If Yad Vashem was not eager to get involved with the lampshade, Avi Domb, chief of DIFS, the Israeli police Division of Identification and Forensic Science, thought he might be able to help. I was given Domb’s contacts by Joseph Almog, former head of DIFS and current director of the forensic chemistry department at the Casali Institute at Jerusalem’s Hebrew University. I’d run into Almog, the inventor of a spray that turns red when coming in contact with urea nitrate, a compound often used in the construction of homemade bombs (“That way we catch them red-handed,” he said), a few months earlier at the Marriott Hotel in New Orleans, where the International Association of Forensic Sciences was holding its convention. By chance, we were seated next to each other at a talk given by Clyde Snow, the forensic anthropologist who, among many other high-profile cases, identified the bones of Nazi doctor Josef Mengele.
I told Almog about the lampshade, said I was planning to come to Jerusalem, and asked him whom I should look up. “That’s easy,” Almog said. “Avi Domb. Avi sits in my old chair. He deals with strange things every day.”

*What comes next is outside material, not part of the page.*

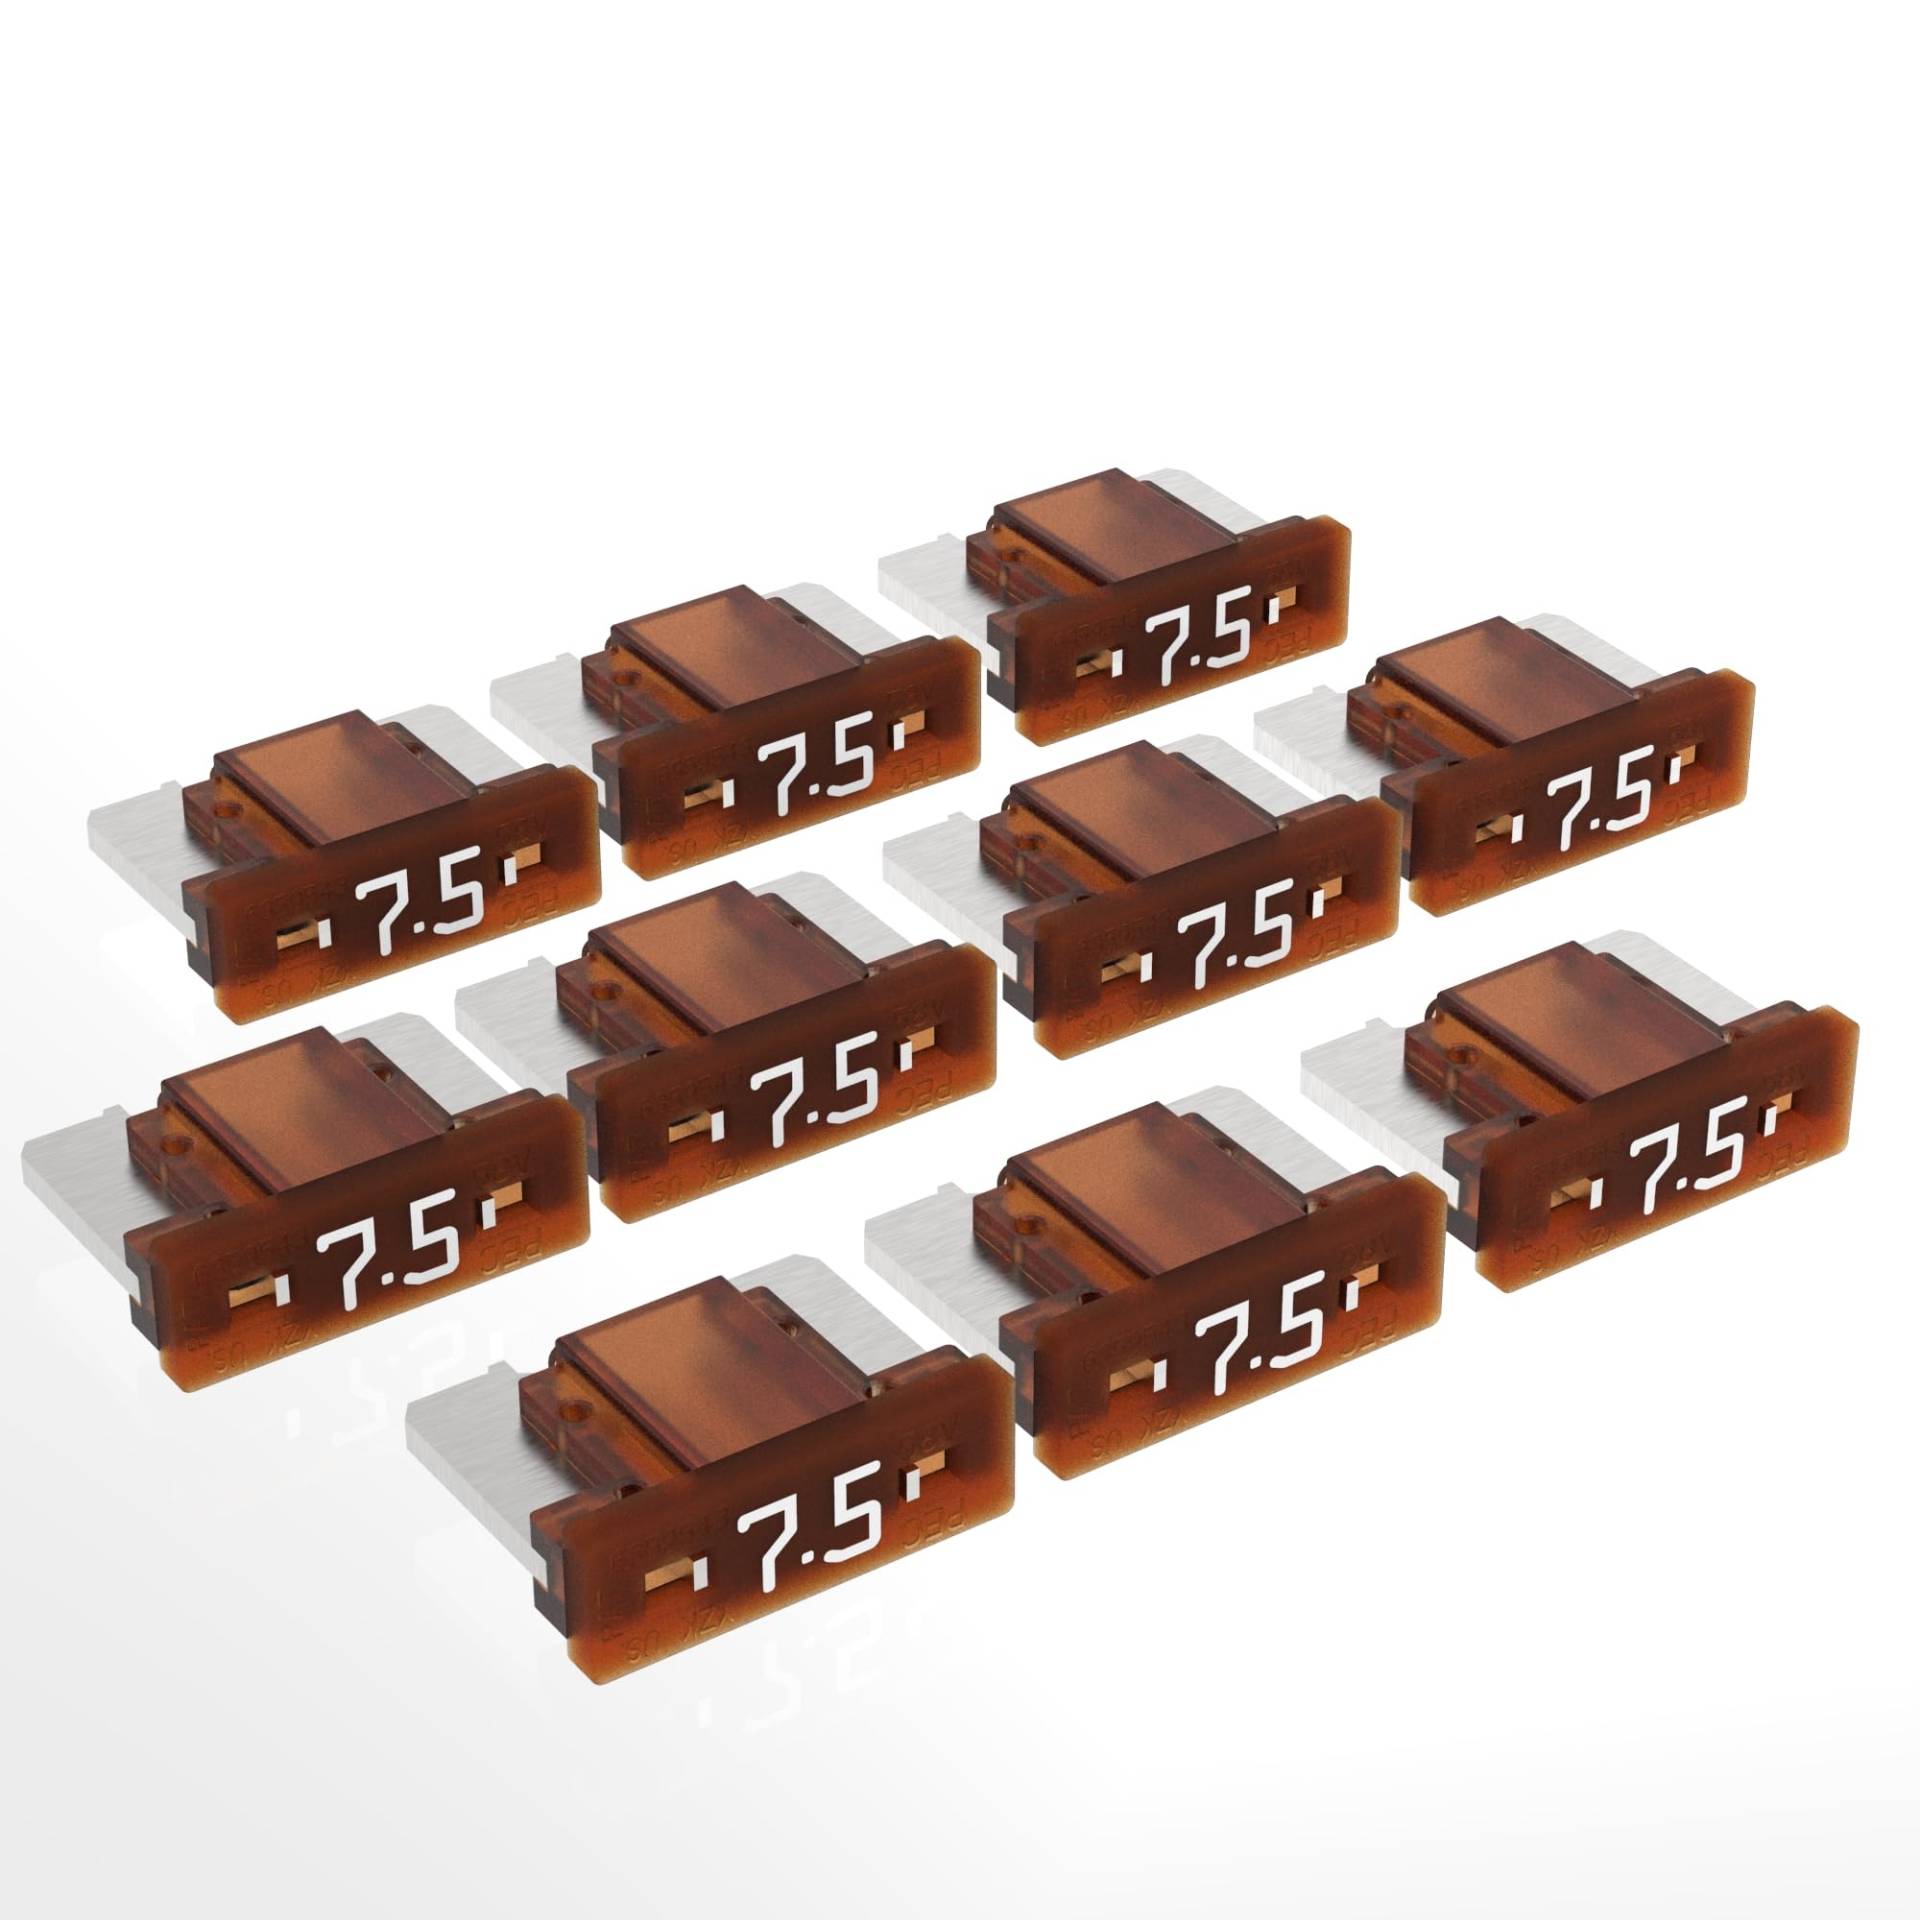 AUPROTEC Mini LP Kfz Sicherungen Flachstecksicherungen 2A - 30A Auswahl: 7,5A Ampere braun, 10 Stück von AUPROTEC

Domb came over to my hotel off Jabotinsky Street the morning of my meeting at Yad Vashem. A copy of Haaretz under his arm, Domb, fifty-five but tall and lean like a retired power forward, exuded that formidable action-hero model of Judaism not generally known back in the Queens of the 1950s. To us, Israelis, those unstooped sabras straight out of the Negev, seemed another species altogether with their sexy, hair-on-their-legs kibbutz girls and blazing Uzis. If Avi Domb did not present himself as a Promised Land hard-ass, you knew he could.